Apprentice plumbers start at $32,000 to $40,000 during their four to five year apprenticeship. Journeymen earn $46,000 to $65,000, while master plumbers reach $65,000 to $85,000. Plumbing contractors who run their own businesses can earn $90,000 to $150,000 or more. In Philadelphia, cost of living sits near the national average, so the numbers you see are roughly what you keep.

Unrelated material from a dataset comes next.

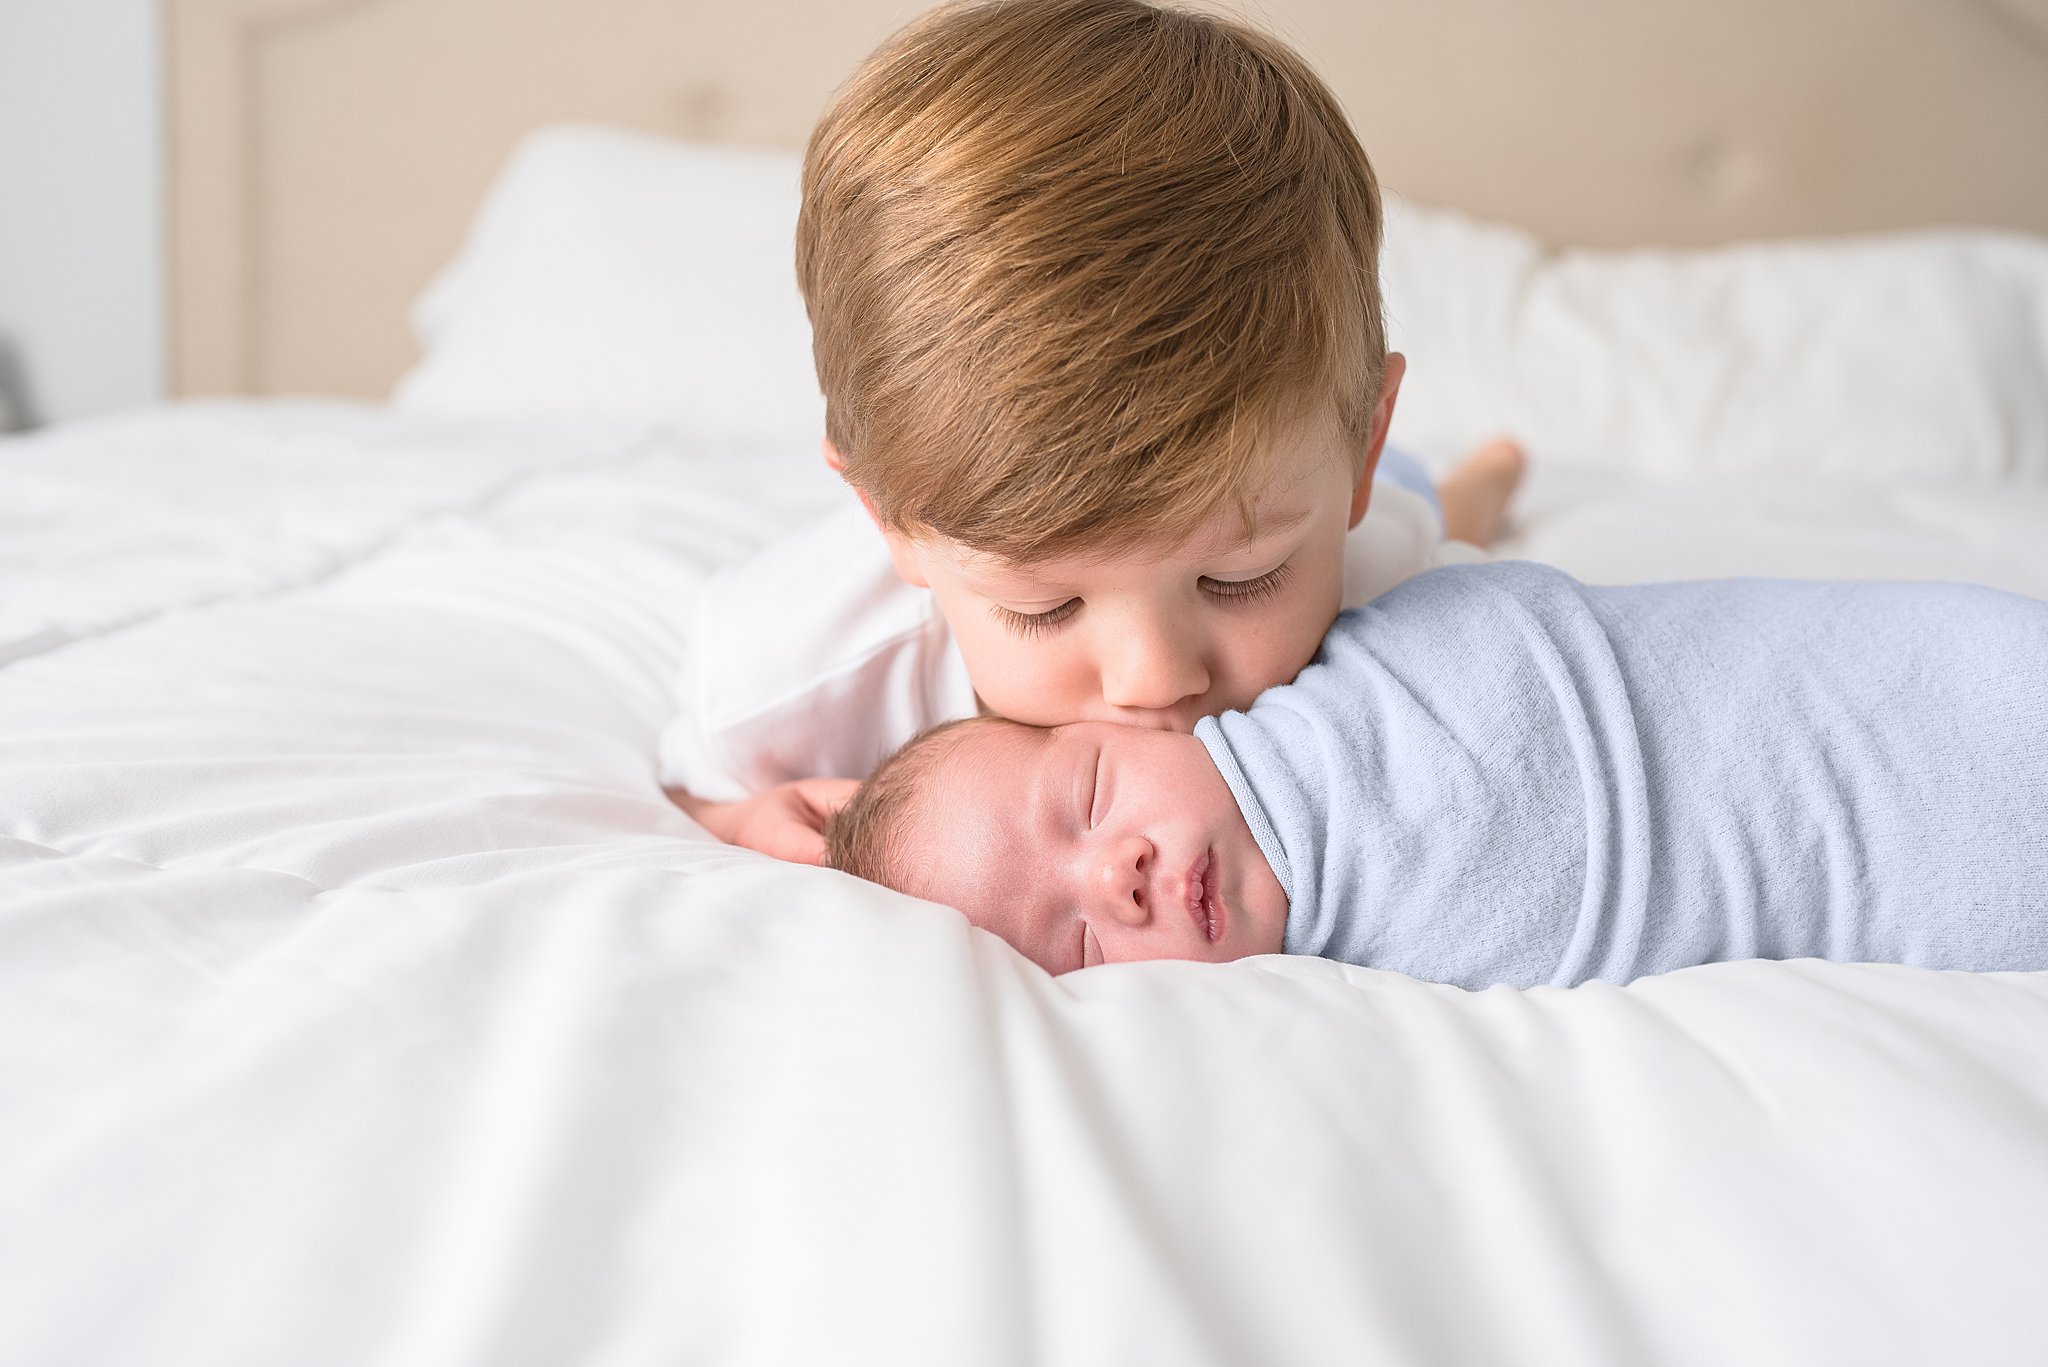 A newborn baby sleeps on a white bed with his older brother kissing his cheek San Diego Toy Stores
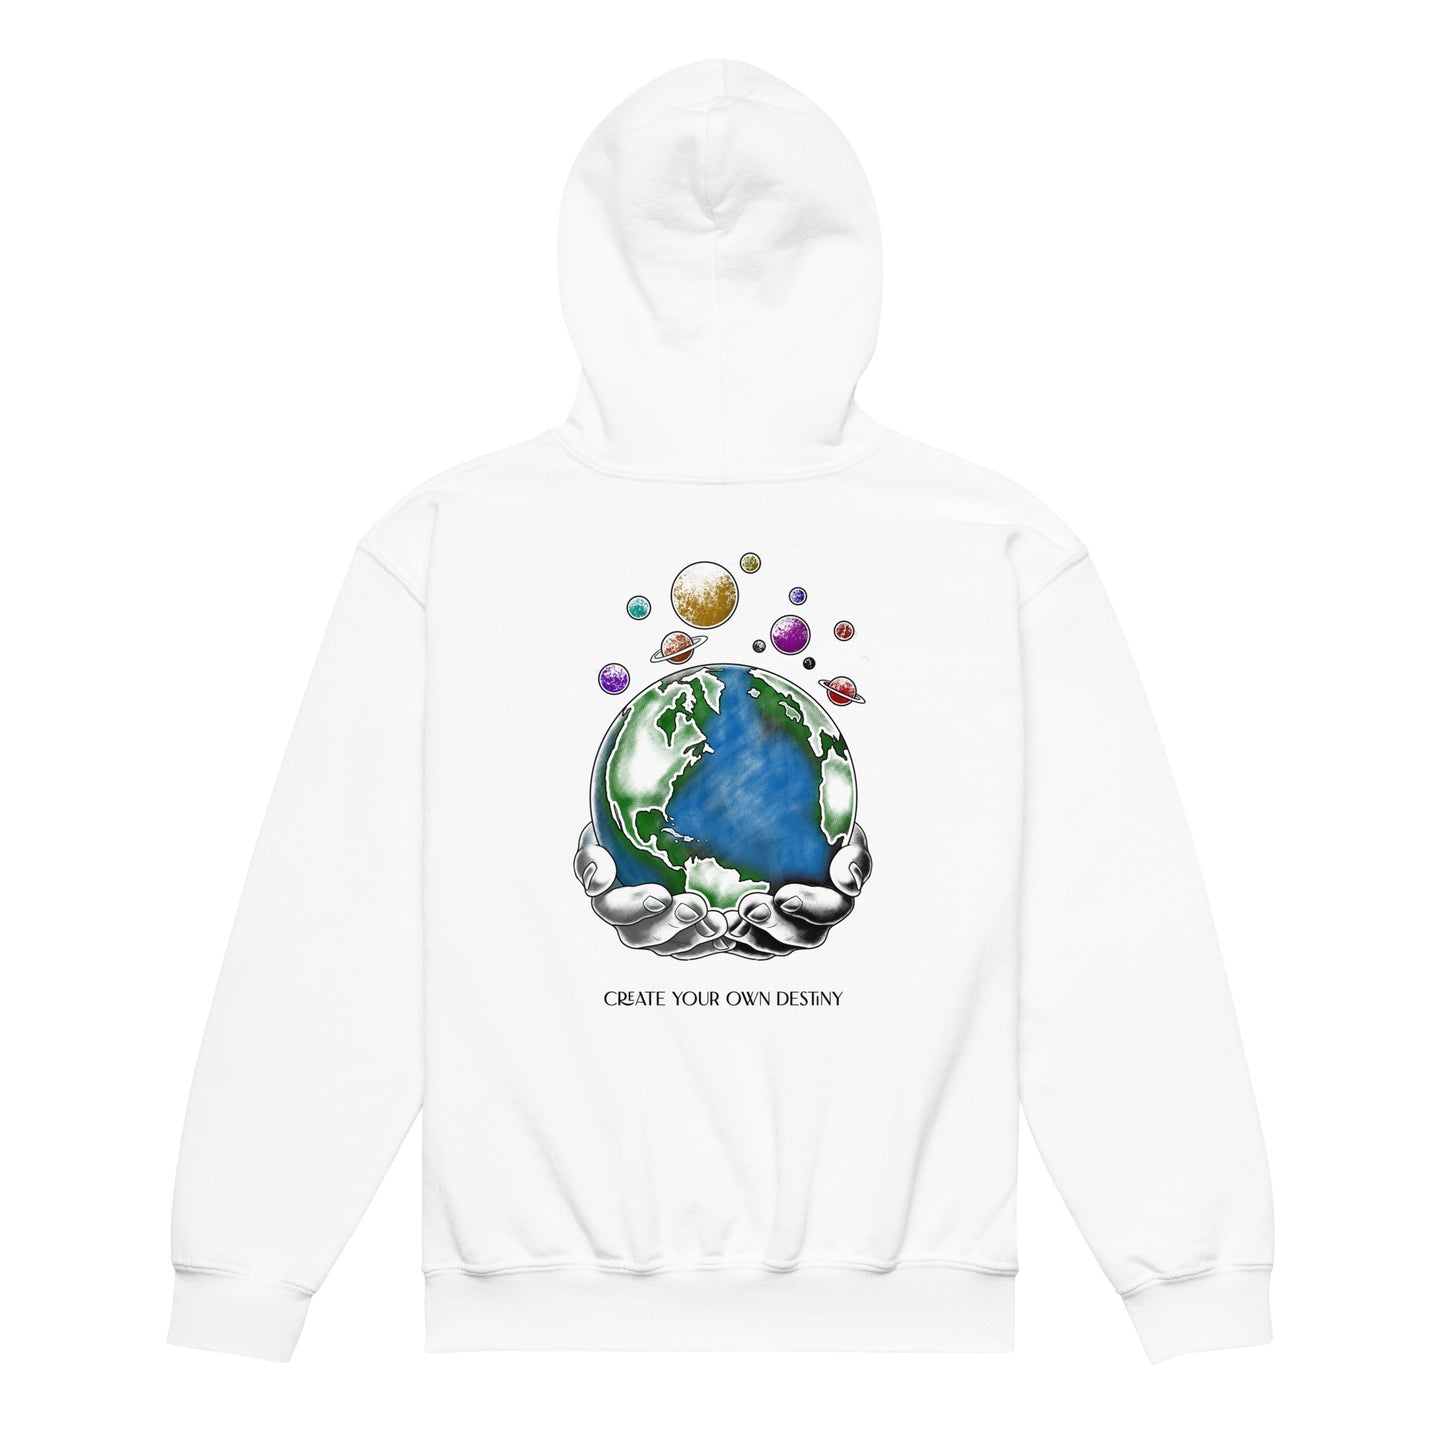 “CREATE YOUR OWN DESTINY” kids hoodie

Base salary is not the full picture. Union plumbers receive health insurance, pension contributions, and annuity funds worth $15,000 to $25,000 annually on top of wages. Overtime during emergency calls can add $8,000 to $15,000 per year, especially for on-call residential specialists. And on the tax side: pennsylvania has a flat 3.07% state income tax, but Philadelphia adds a 3.75% city wage tax for residents. This combined local burden is worth factoring into salary negotiations. When someone quotes you $65,000, ask what the total package looks like. The gap between base and total comp is where real money hides.
On negotiation: Account for the Philadelphia wage tax in your ask. Request a 5 to 8% premium over suburban offers to offset the city's local tax on all earned income. The range for Plumbers in Philadelphia runs from $50,000 to $85,000. That is not a narrow window. Where you land inside it depends almost entirely on whether you negotiate and how well you prepare.
Top industries in Philadelphia
Negotiating in Philadelphia
Account for the Philadelphia wage tax in your ask. Request a 5 to 8% premium over suburban offers to offset the city's local tax on all earned income.